The New York Times counters that ``We didn't hack ChatGPT, ChatGPT bypassed the paywall''
The New York Times, an American daily newspaper,
NYT to OpenAI: No hacking here, just ChatGPT bypassing paywalls | Ars Technica
https://arstechnica.com/tech-policy/2024/03/nyt-disputes-openai-hacking-claim-by-pointing-to-chatgpt-bypassing-paywalls/
A number of news outlets and authors have sued OpenAI, including the New York Times, over ChatGPT being trained on and often outputting portions of copyrighted content. .
In response to the New York Times, which harshly criticized AI for threatening journalism, OpenAI said, ``The materials submitted by the New York Times as evidence of plagiarism by ChatGPT are intentionally created to cause problems such as backward flow of training data and hallucinations . They asked the court to dismiss the lawsuit.
In the OpenAI vs.

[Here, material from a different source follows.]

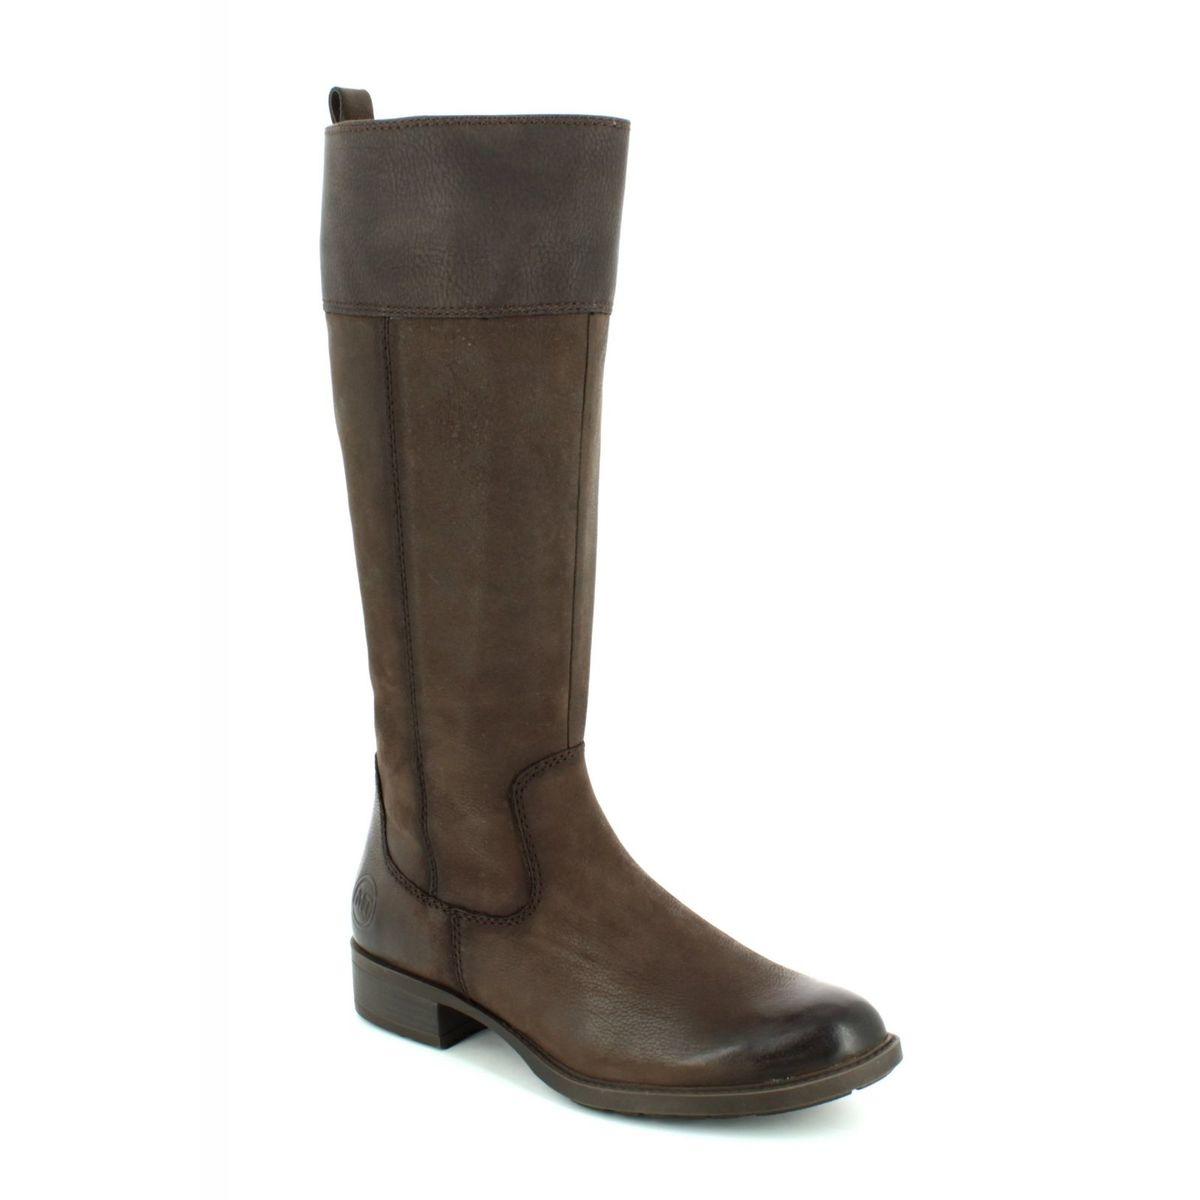 16eeaef3b5e Marco Tozzi Knee-high Boots - Brown - 25616 325 FILAGO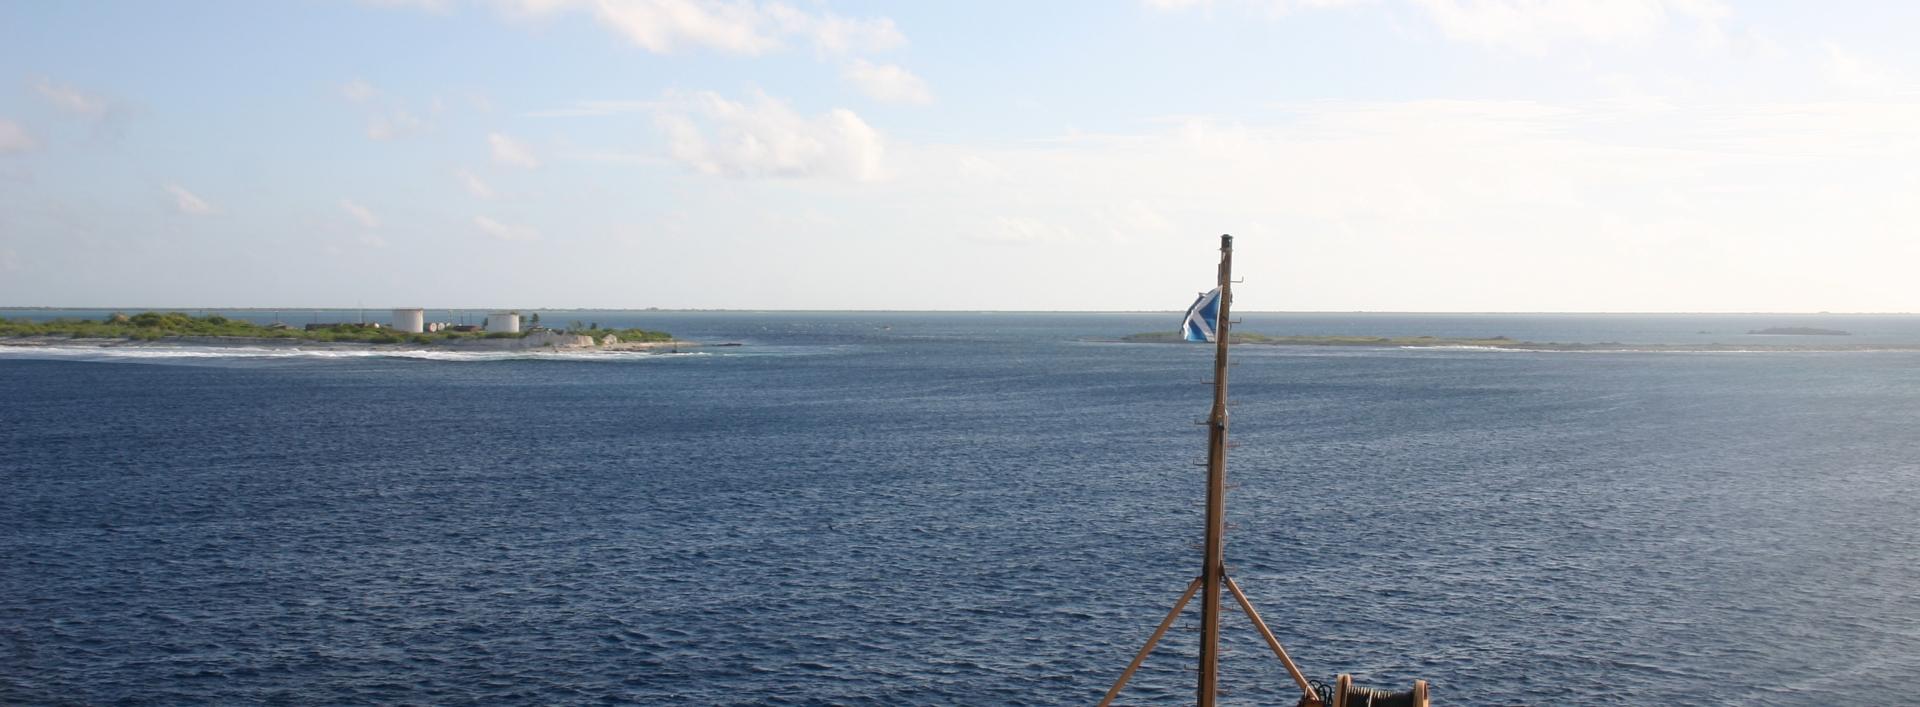 Calm ocean and small island shore

New York Times trial, OpenAI claims that ``The New York Times hacked ChatGPT to extract its own articles'' - GIGAZINE
In a new document filed in court (PDF file) , the New York Times defended the appropriateness of the way it allowed ChatGPT to output its articles, stating that ChatGPT users are using the following methods to bypass restrictions on access to paid articles: You pointed out that you are letting ChatGPT generate the entire article.
To see if ChatGPT was copying articles, the New York Times 'took learnings from GPT-4 by using the first few words or sentences of the article as prompts,' court documents state. It is listed.
In addition, OpenAI tried to claim that ``ChatGPT users do not use it to generate text from paid articles,'' but the New York Times said ``ChatGPT is not used to bypass paywalls. 'It has been widely reported,' he said.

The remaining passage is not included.